I follow the mantra "Never trust a salemen, Why? because it saves time later"
But really, would you even allow anyone through the door trying to sell a product where the supplier rejects some of the benefits themselves.
Only a marketing 'genius' could come up with that pitch Mind you once the marketing dept has been converted to a call centre it would be ripe for outsourcing...
Evil marketeer here.
Having preyed on many a clueless PHB over the years you are right not to trust any of them. Always remember that "Award Winning Salesman" means awarded for sucking money out of customers. Like a successful paedophile being promoted to Head of Social Services, this is not a good thing for the customers.
Smart managers start with a problem they want to solve, not a new piece of shiny they want to buy. They listen to salespeople and watch their pitches but they always remember it's been tailored to make that product look good and should be aware that the product may right at the edge of what it can do without massive extra work.
"...Smart managers start with a problem they want to solve, not a new piece of shiny they want to buy..."
This!
This has always been part of my approach to interviewing consultant level staff.
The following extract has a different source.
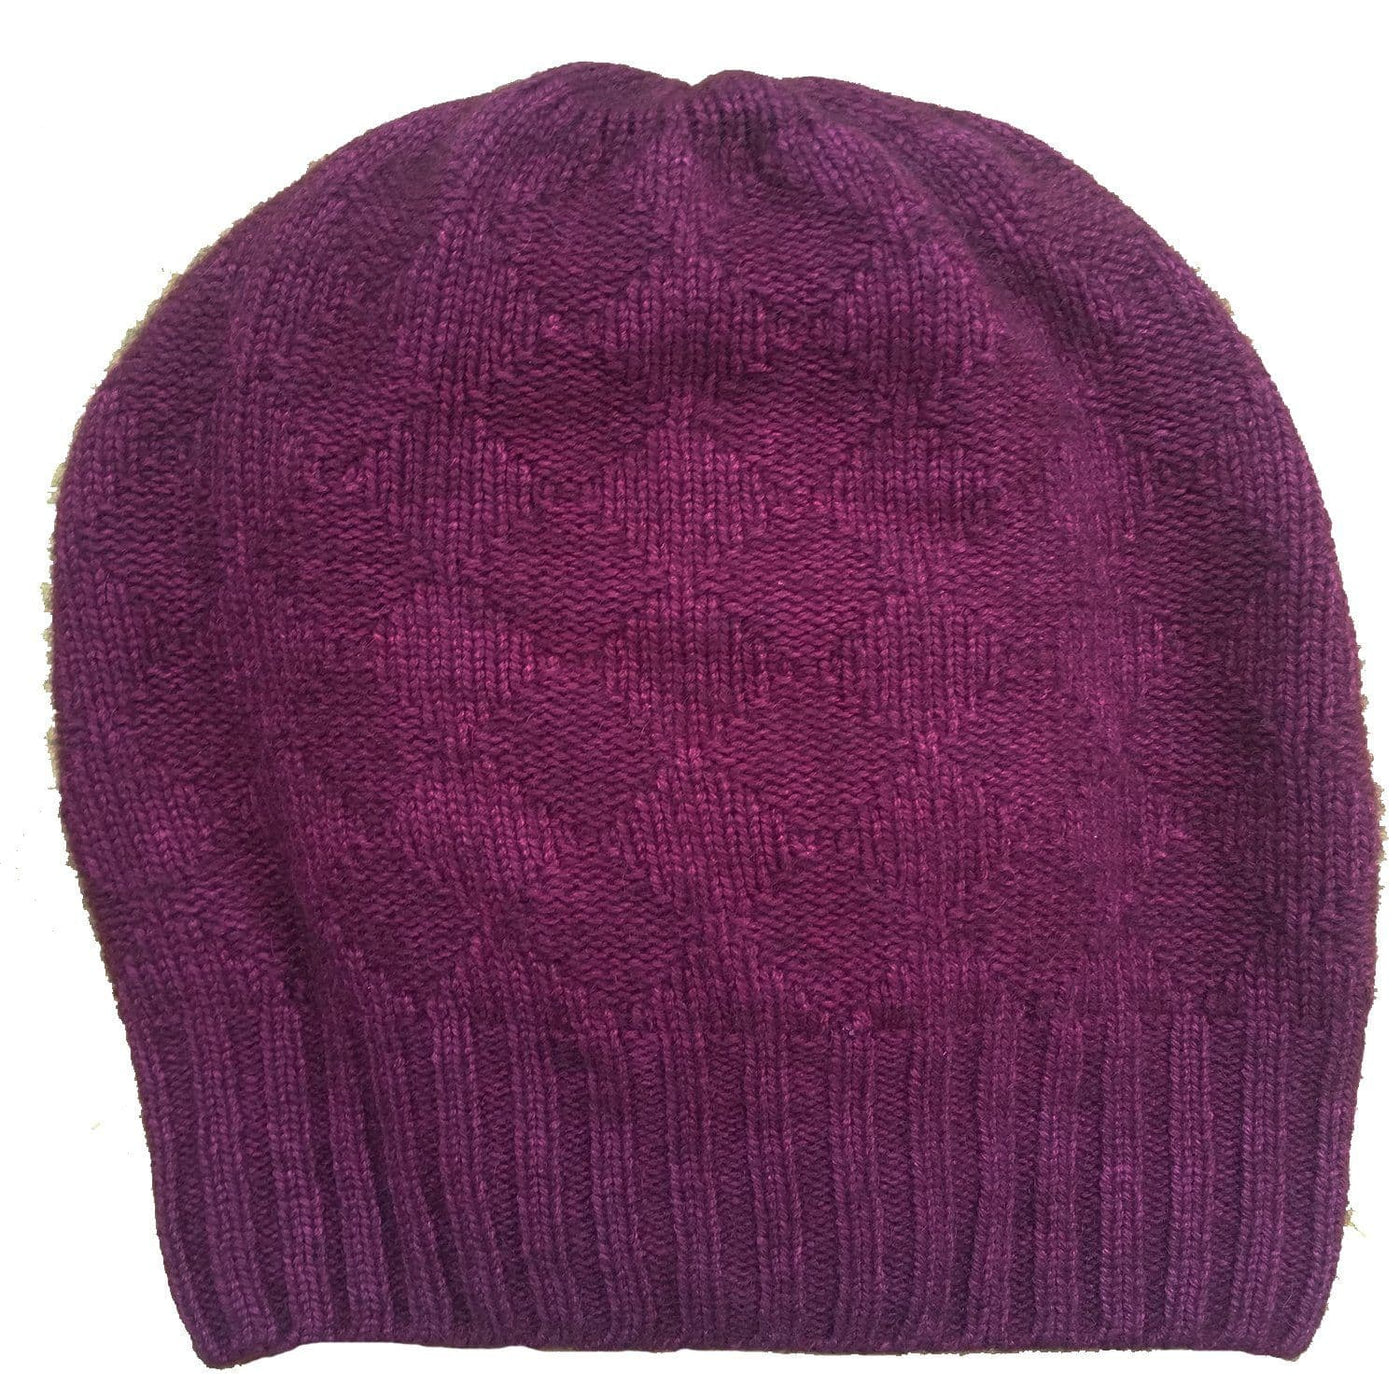 Slouchy Bison/Silk Knitted Hat Bison Gear The Buffalo Wool Co. Burgundy 
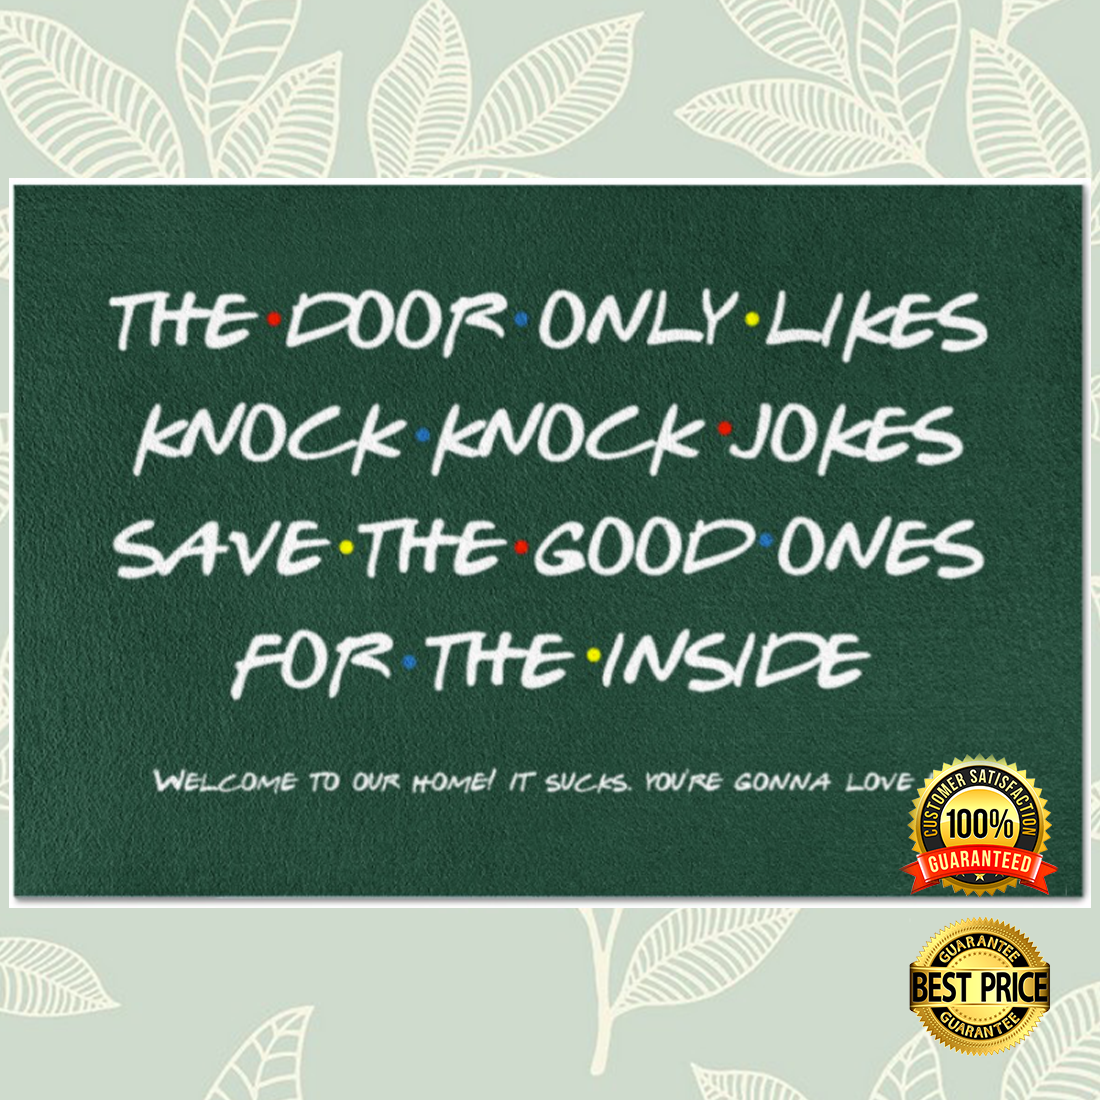 The door only likes knock knock jokes save the good ones for the inside doormat 2

First off for anything technical, ask what they feel strongest in - that way you avoid asking questions on their weakest subject by accident. And if they're crap at that, chances are they suck at everything else, too.
I would expect anyone at that level to be able to sketch me out a quick back of the napkin design on a chosen bit of tech. The next question can be the toughest though..."Ok...so now pretend I am the FD of a company...tell me _why_ I should buy that..."
I'm looking for the ones who can say you shouldn't or asking me what I hope to achieve or...what are the problems we are having and let's approach it from that perspective rather than selling shiny.